FITUR 2026 : une scène où l'on vend de l'influence, pas seulement des forfaits
Le FITUR (Feria Internacional de Turismo) à Madrid n'est plus depuis longtemps seulement un lieu où l'on négocie des vols charters et des capacités hôtelières disponibles. Le salon est devenu une plateforme où les États et les régions construisent leur réputation, attirent les investissements et envoient des signaux politiques importants sur la stabilité et l'ouverture aux partenariats internationaux. L'organisateur IFEMA MADRID indique que le FITUR 2026 s'est tenu du 21 au 25 janvier 2026, et que le Mexique était le pays partenaire du salon, un statut qui apporte traditionnellement une visibilité supplémentaire, un « avantage » de communication et un poids protocolaire.

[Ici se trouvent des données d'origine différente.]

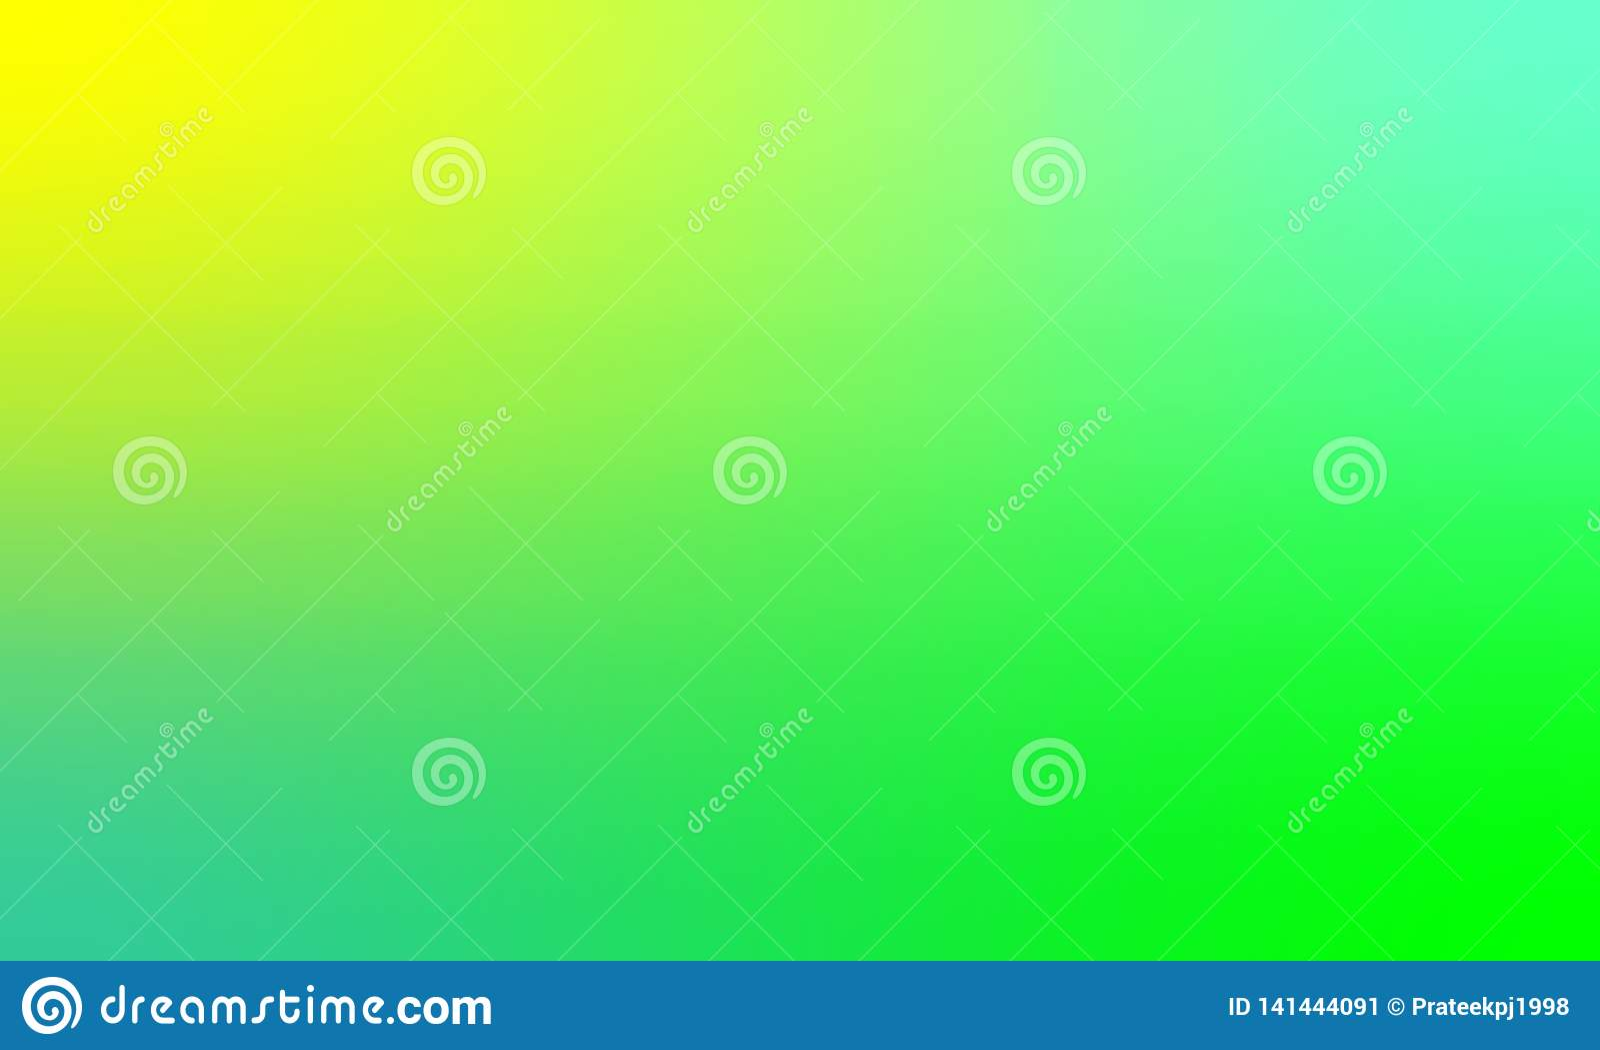 Colorful blur texture background vector design, colorful blurred shaded background, vivid color vector illustration. Closeup, bac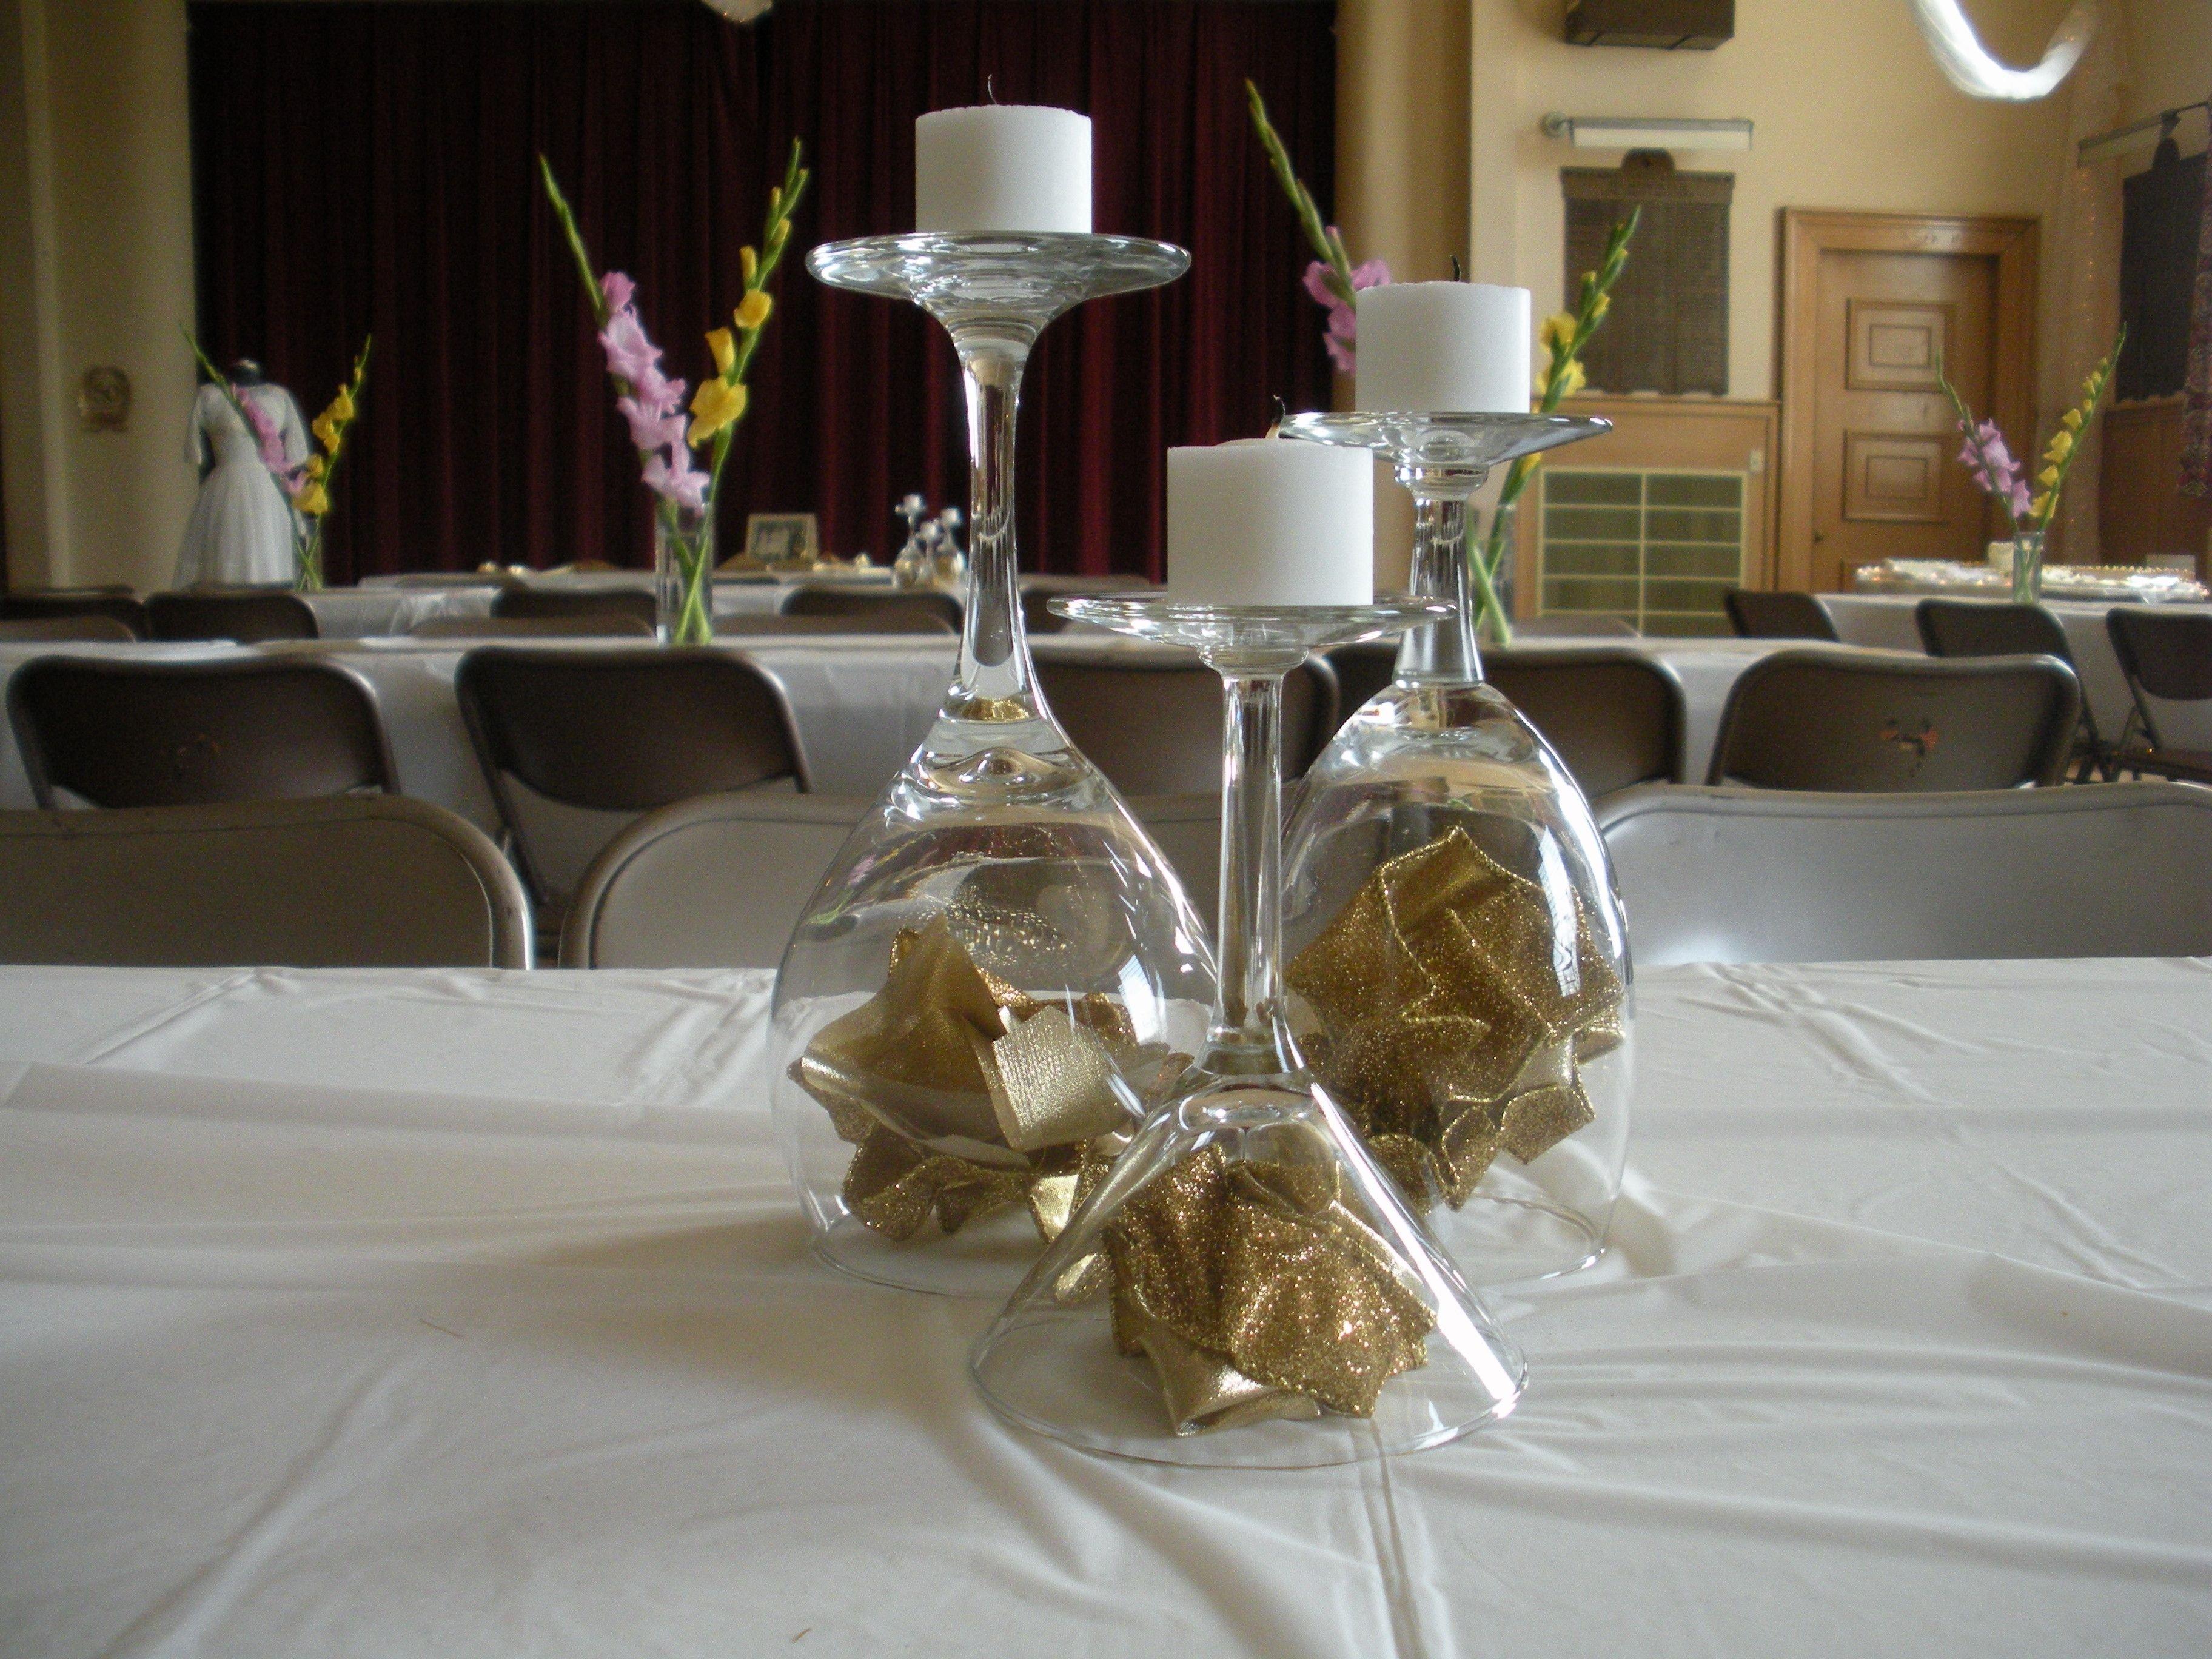 10 Stunning 50 Wedding Anniversary Party Ideas decorations for golden wedding anniversary 50th wedding anniversary 1 2021

El País, dans une revue du salon, a fait état de chiffres de fréquentation records et d'un haut niveau de présence internationale, ce qui explique davantage pourquoi les détails sur les pavillons font désormais partie d'une histoire plus large. Dans une telle foule et dans une telle compétition, les destinations se comparent naturellement, mais le dénigrement direct de la concurrence est généralement évité. Une réputation dans le tourisme se construit au fil des années et peut être ébranlée en quelques jours si l'impression se répand sur le marché que le jeu est « sale ». C'est pourquoi toute allusion suggérant qu'un pays est un « moins bon choix » peut déclencher une réaction rapide, surtout lorsqu'elle concerne un grand marché comme le Mexique, qui possède une forte présence en Europe et une offre diversifiée pour différents profils de voyageurs.
Comment est née la polémique : « promouvoir le sien, ne pas détruire celui de l'autre »
Selon eTurboNews, un haut responsable mexicain du tourisme a exprimé son mécontentement car il estime que la campagne dominicaine se transforme en messages qui pourraient décourager les touristes de se rendre au Mexique. La même source indique que le responsable a résumé le problème par l'idée que le ministre devrait mettre en avant la beauté de son propre pays, et non « parler en mal » d'une autre destination. Dans une industrie où la confiance et la perception de la sécurité sont essentielles, une telle évaluation, même lorsqu'elle provient de cercles informels, devient rapidement un sujet de débat parmi les agences, les voyagistes et les équipes de communication.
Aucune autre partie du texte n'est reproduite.